Peony Yip (White Deer) is a Hong Kong based artist whose primary subject matter is the wonder and processes of the natural world. While the artist has received considerable media attention for her illustrations, she shares that she mostly makes art in her spare time. Such beauty made on the sly… I suppose talent and creativity resists being ignored, and from this deep well, she makes distinctive drawings and paintings that seem as if vignettes of private observation – studies of cycles of life, blossoming, and decay.
For Peony, the images serve as an antidote to the fast paced technology drive mindset of Hong Kong. A certain modesty characterizes the artist’s way of looking at the world, and her own role as an artist.
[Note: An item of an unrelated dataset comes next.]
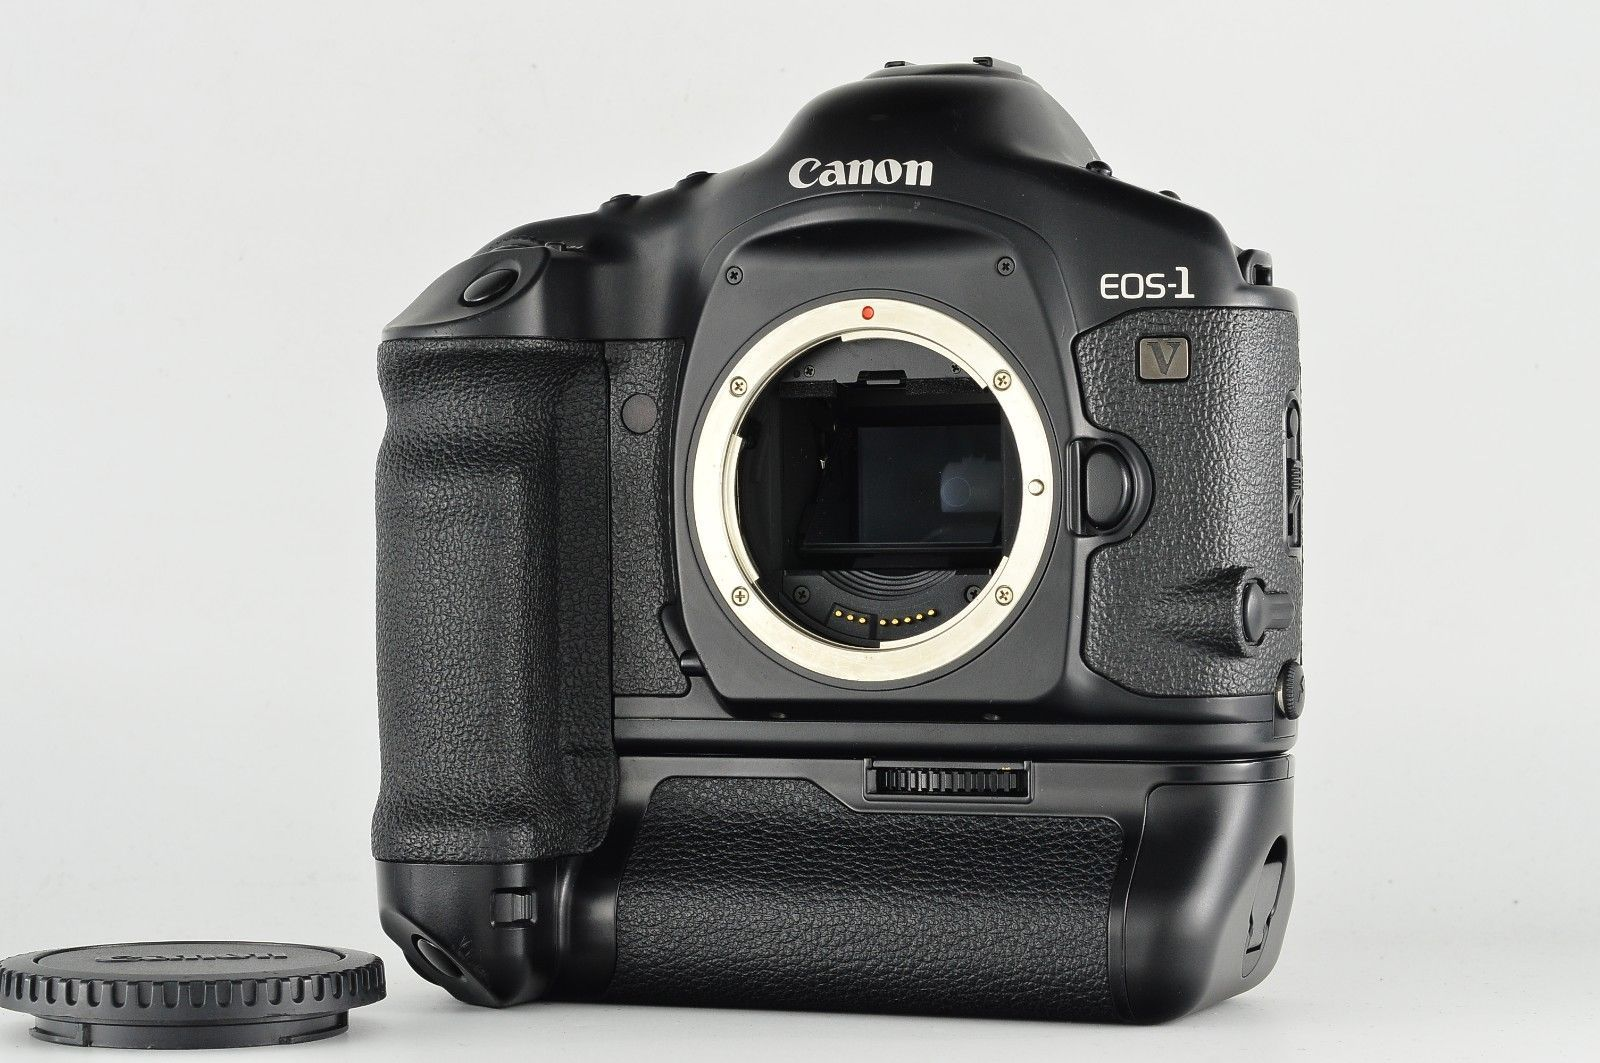 exc canon eos 1v hs 35mm slr film camera body pb e2 from japan rh pinterest com iv 4010 hs manual

When asked Peony explains that she just makes her drawings and paintings, they come from within. A shadow life of astounding vision and delicacy…

Peony’s To Bloom Not Bleed series approaches the cycle of life, and death, a moment “about the beauty in death, similarly the Transformation series uses transposed images of people, animals, flowering, decaying and strange insects.
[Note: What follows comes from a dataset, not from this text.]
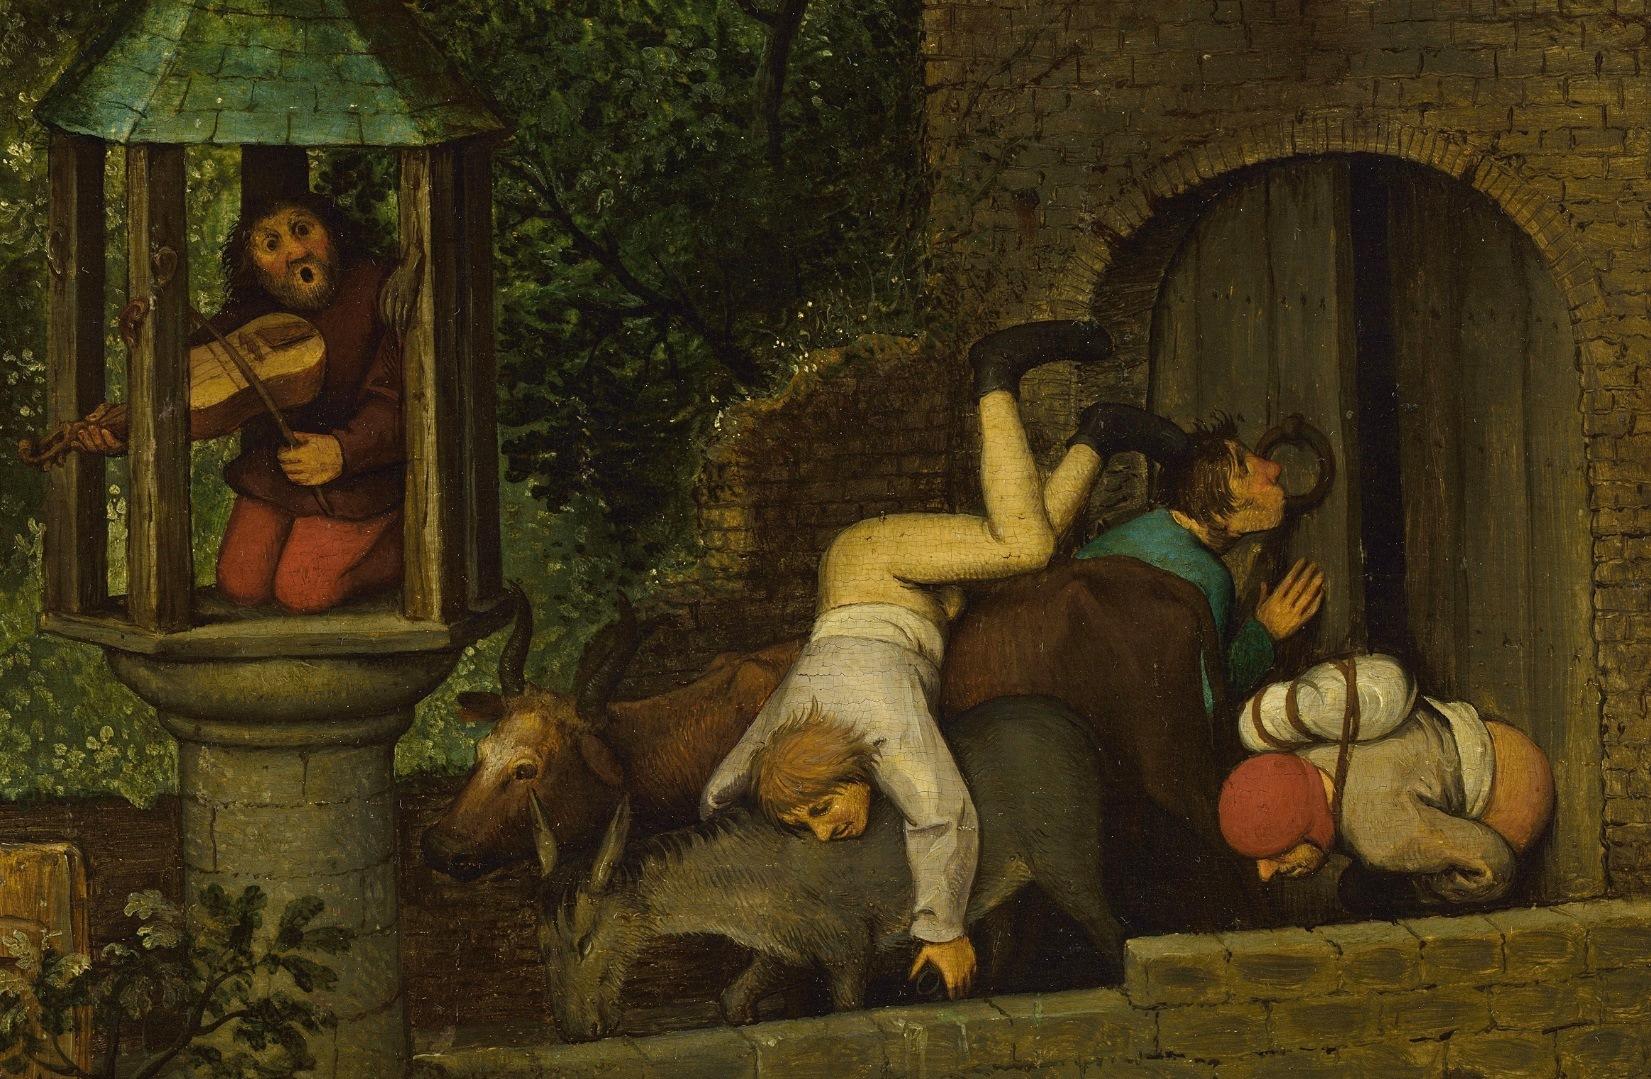 brueghel-proverbs-019.jpg

RB: Please tell me about the Transformation series, I am very interested in the reoccurring theme of birth, growth, change, death, disintegration and recycled matter, the bones to dirt…
Peony Yip: If we die and are returned back to nature, wouldn’t that be something beautiful and wouldn’t you want to give back to what the Earth has given us? Transformation is my most extensive series. In this work, I try to show death as something more than loss or a negative event. The work is a reverie on life cycle: from birth to death, and the final return to nature. Humans have taken so much from the world and used up so many resources that it is only right we give back.
RB: What is your technique? What tools do you use?
PY: Each series is different, I try to experiment constantly, but in general my tools include simple materials such as ball point pens, graphite, watercolors, acrylic paint, gouache and ink.
Out of Body portrays two sisters -one the artist describes as dark, the other — light, their rivalry and nature symbolized by the theme of spirit animals.